• GIVEN RECORDS:
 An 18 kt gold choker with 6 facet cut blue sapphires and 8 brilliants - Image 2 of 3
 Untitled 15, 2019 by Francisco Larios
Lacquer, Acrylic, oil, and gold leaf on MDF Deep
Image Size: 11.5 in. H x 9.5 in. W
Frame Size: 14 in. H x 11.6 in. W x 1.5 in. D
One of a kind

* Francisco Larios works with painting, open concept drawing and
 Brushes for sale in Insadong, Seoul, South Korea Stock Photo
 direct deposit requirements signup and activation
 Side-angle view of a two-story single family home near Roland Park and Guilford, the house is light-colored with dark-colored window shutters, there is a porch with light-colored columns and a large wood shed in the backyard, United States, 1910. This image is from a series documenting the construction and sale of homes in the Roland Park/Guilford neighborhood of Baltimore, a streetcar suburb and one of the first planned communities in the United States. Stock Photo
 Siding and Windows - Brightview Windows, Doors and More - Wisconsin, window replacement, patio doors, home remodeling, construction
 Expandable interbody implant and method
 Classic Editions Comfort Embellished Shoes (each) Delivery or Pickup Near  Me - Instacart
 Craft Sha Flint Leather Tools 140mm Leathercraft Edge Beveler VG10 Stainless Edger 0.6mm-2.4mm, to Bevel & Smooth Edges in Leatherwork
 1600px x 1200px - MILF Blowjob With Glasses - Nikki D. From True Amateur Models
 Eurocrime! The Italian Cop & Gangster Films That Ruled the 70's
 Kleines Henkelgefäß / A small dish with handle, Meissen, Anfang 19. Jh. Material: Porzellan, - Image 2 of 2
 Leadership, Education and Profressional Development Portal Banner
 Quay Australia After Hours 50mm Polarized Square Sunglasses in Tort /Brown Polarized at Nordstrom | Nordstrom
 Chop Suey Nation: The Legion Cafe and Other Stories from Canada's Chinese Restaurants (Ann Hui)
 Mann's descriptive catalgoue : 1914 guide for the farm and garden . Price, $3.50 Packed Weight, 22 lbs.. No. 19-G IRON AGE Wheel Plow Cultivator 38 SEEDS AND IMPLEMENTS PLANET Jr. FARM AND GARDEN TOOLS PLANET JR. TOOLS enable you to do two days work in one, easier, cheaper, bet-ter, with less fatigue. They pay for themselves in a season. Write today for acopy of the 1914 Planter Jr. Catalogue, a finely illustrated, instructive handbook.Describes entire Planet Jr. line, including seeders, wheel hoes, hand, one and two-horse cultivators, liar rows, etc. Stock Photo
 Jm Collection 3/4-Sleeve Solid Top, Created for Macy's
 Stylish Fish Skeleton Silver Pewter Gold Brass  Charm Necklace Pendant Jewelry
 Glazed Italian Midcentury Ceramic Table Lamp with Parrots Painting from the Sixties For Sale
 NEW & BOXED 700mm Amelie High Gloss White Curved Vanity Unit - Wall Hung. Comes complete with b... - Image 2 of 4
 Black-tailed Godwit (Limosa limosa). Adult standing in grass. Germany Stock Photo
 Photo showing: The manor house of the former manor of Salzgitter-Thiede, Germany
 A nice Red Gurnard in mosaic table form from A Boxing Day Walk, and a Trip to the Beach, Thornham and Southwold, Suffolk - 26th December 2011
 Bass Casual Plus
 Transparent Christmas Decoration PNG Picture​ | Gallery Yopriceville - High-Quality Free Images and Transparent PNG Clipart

• TASK:
All lines in the data above from the one with "One of a kind" through the one with "Eurocrime! The Italian" must be repeated exactly, and no others.

• RESPONSE TO THE TASK:
One of a kind

* Francisco Larios works with painting, open concept drawing and
 Brushes for sale in Insadong, Seoul, South Korea Stock Photo
 direct deposit requirements signup and activation
 Side-angle view of a two-story single family home near Roland Park and Guilford, the house is light-colored with dark-colored window shutters, there is a porch with light-colored columns and a large wood shed in the backyard, United States, 1910. This image is from a series documenting the construction and sale of homes in the Roland Park/Guilford neighborhood of Baltimore, a streetcar suburb and one of the first planned communities in the United States. Stock Photo
 Siding and Windows - Brightview Windows, Doors and More - Wisconsin, window replacement, patio doors, home remodeling, construction
 Expandable interbody implant and method
 Classic Editions Comfort Embellished Shoes (each) Delivery or Pickup Near  Me - Instacart
 Craft Sha Flint Leather Tools 140mm Leathercraft Edge Beveler VG10 Stainless Edger 0.6mm-2.4mm, to Bevel & Smooth Edges in Leatherwork
 1600px x 1200px - MILF Blowjob With Glasses - Nikki D. From True Amateur Models
 Eurocrime! The Italian Cop & Gangster Films That Ruled the 70's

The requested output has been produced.